Re: Monitoring ceph and prometheus

Sage Weil <sage@xxxxxxxxxxxx> · Fri, 12 May 2017 01:07:19 +0000 (UTC)

On Fri, 12 May 2017, Brad Hubbard wrote:
> On Thu, May 11, 2017 at 10:47 PM, Sage Weil <sage@xxxxxxxxxxxx> wrote:
> > On Thu, 11 May 2017, John Spray wrote:
> >> On Thu, May 11, 2017 at 12:52 PM, Jan Fajerski <jfajerski@xxxxxxxx> wrote:
> >> > Hi list,
> >> > I recently looked into Ceph monitoring with prometheus. There is already a
> >> > ceph exporter for this purpose here
> >> > https://github.com/digitalocean/ceph_exporter.
> >> >
> >> > Prometheus encourages software projects to instrument their code directly
> >> > and expose this data, instead of using an external piece of code. Several
> >> > libraries are provided for this purpose:
> >> > https://prometheus.io/docs/instrumenting/clientlibs/
> >> >
> >> > I think there are arguments for adding this instrumentation to Ceph
> >> > directly.  Generally speaking it should reduce overall complexity in the
> >> > code (no extra exporter component outside of ceph) and in operations (no
> >> > extra package and configuration).
> >> >
> >> > The direct instrumentation could happen in two places:
> >> > 1)
> >> > Directly in Cephs C++ code using https://github.com/jupp0r/prometheus-cpp.
> >> > This would mean daemons expose their metrics directly via the prometheus
> >> > http interface. This would be the most direct way of exposing metrics,
> >> > prometheus would simply poll all endpoints. Service discovery for scrape
> >> > targets, say added or removed OSDS, would however have to be handled
> >> > somewhere. For orchestration tools à la k8s, ansible, salt, ... either have
> >> > this feature already or it would be simple enough to add. Deployments not
> >> > using a tool like that need another approach. Prometheus offer various
> >> > mechanisms
> >> > (https://prometheus.io/docs/operating/configuration/#%3Cscrape_config%3E) or
> >> > a ceph component (say mon or mgr) could handle this.
> >> >
> >> > 2)
> >> > Add a ceph-mgr plugin that exposes the metrics available to ceph-mgr as a
> >> > prometheus scrape target (using
> >> > https://github.com/prometheus/client_python).  This would handle the service
> >> > discovery issue for ceph daemons out of the box (though not for the actual
> >> > mgr-daemon which is the scrape target). The code would also be in a central
> >> > location instead of being scattered in several places. It does however add a
> >> > (maybe pointless) level of indirection ($ceph_daemon -> ceph-mgr ->
> >> > prometheus) and adds the need for two different scrape intervals (assuming
> >> > mgr polls metrics from daemons).
> >>
> >> I would love to see a mgr module for prometheus integration!
> >
> > Me too!  It might make more sense to do it in C++ than python, though, for
> > performance reasons.
> 
> Can we define "metrics" here? What, specifically, are we planning to gather?
> 
> Let's start with an example from "ceph_exporter". It exposes a metric
> ApplyLatency which it obtains by connecting to the cluster via a rados client
> connection and running the "osd perf" command and gathering the apply_latency_ms
> result. I believe this stat is the equivalent of the apply_latency perf counters
> statistic.
> 
> Does the manager currently export the performance counters? If not option 1 is
> looking more viable for gathering these sorts (think "perf dump") of
> metrics unless the manager can proxy calls such as "osd perf" back to the MONs?

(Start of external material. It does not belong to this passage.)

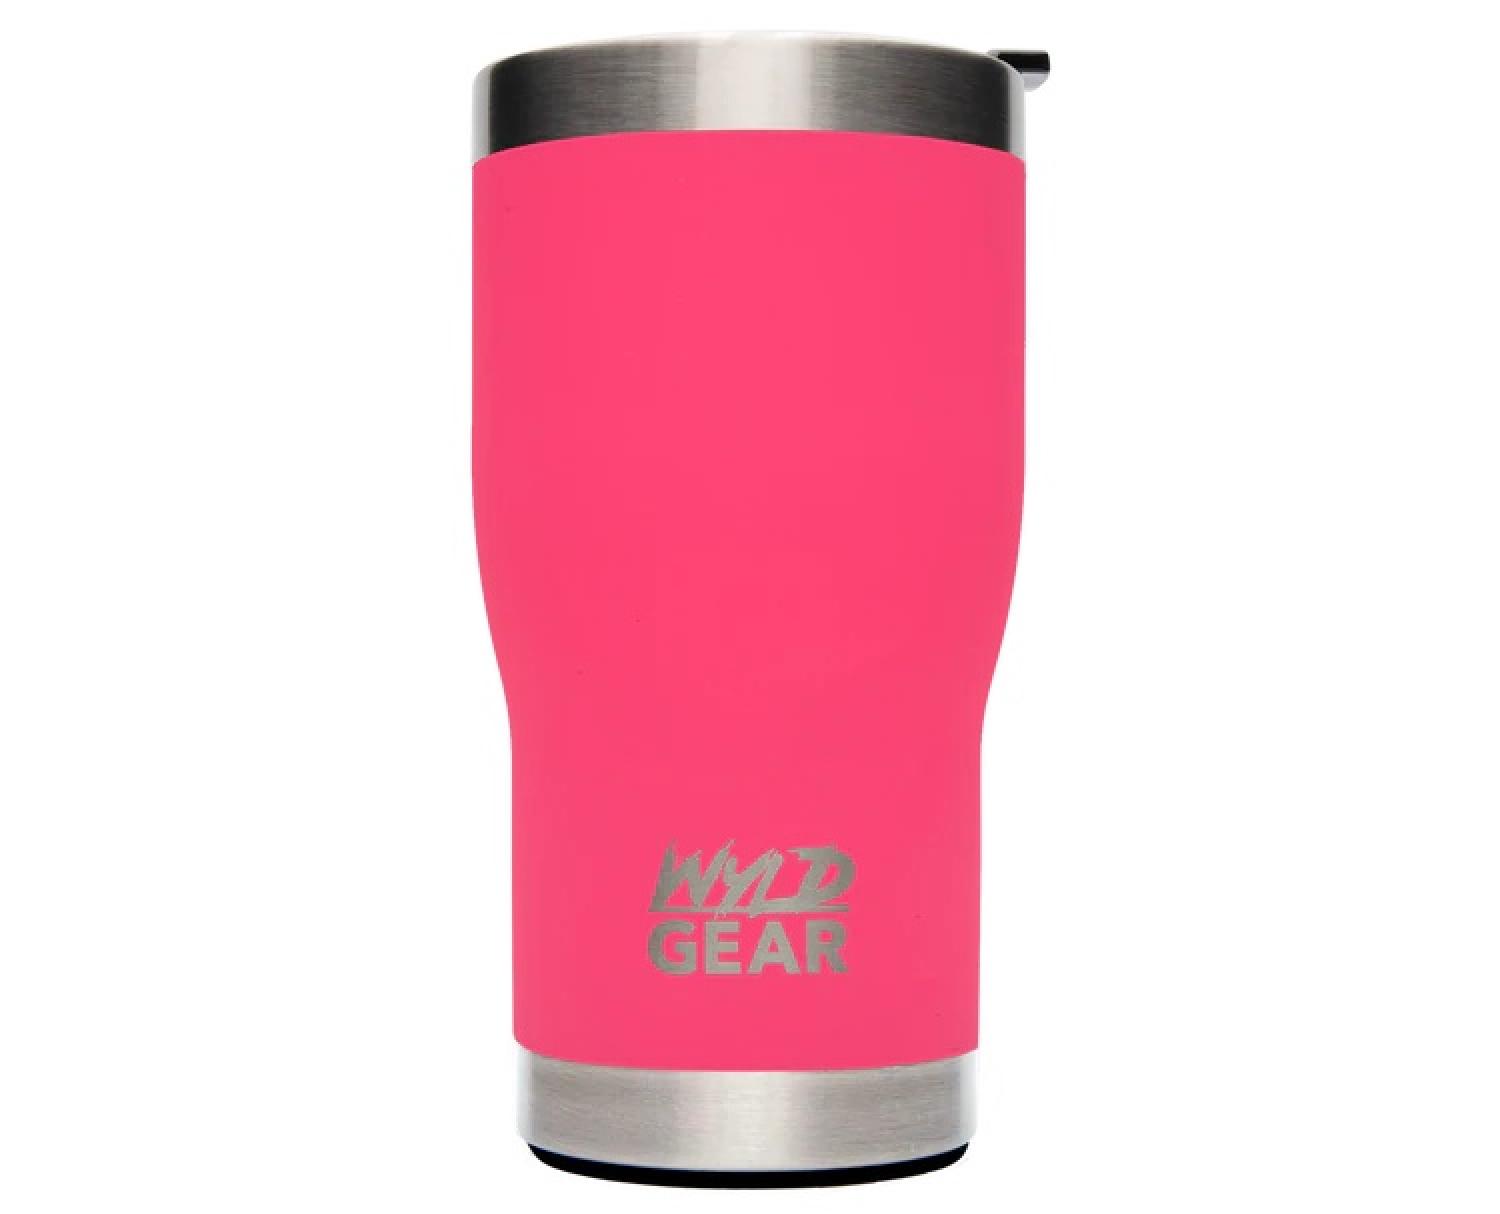 Wyld Gear Insulated Tumbler

Right now all of the perfcounters are reported to ceph-mgr.  We shouldn't 
need to do 'osd perf' (which is just reporting those 2 metrics that the 
osds have historically reported to the mon).

> Part of the problem with gathering metrics from ceph is working out what set of
> metrics you want to collect from a large assortment available IMHO.

We could collect them all. Or, we recently introduced a 'priority' field 
so we can collect everything above a threshold (although then we have to 
go assign meaningful priorities to most of the counters).

BTW one of the cool things about prometheus is that it has a histogram 
type, which means we can take our 2d histogram data and report that 
(flattened into one or the other dimension).

sage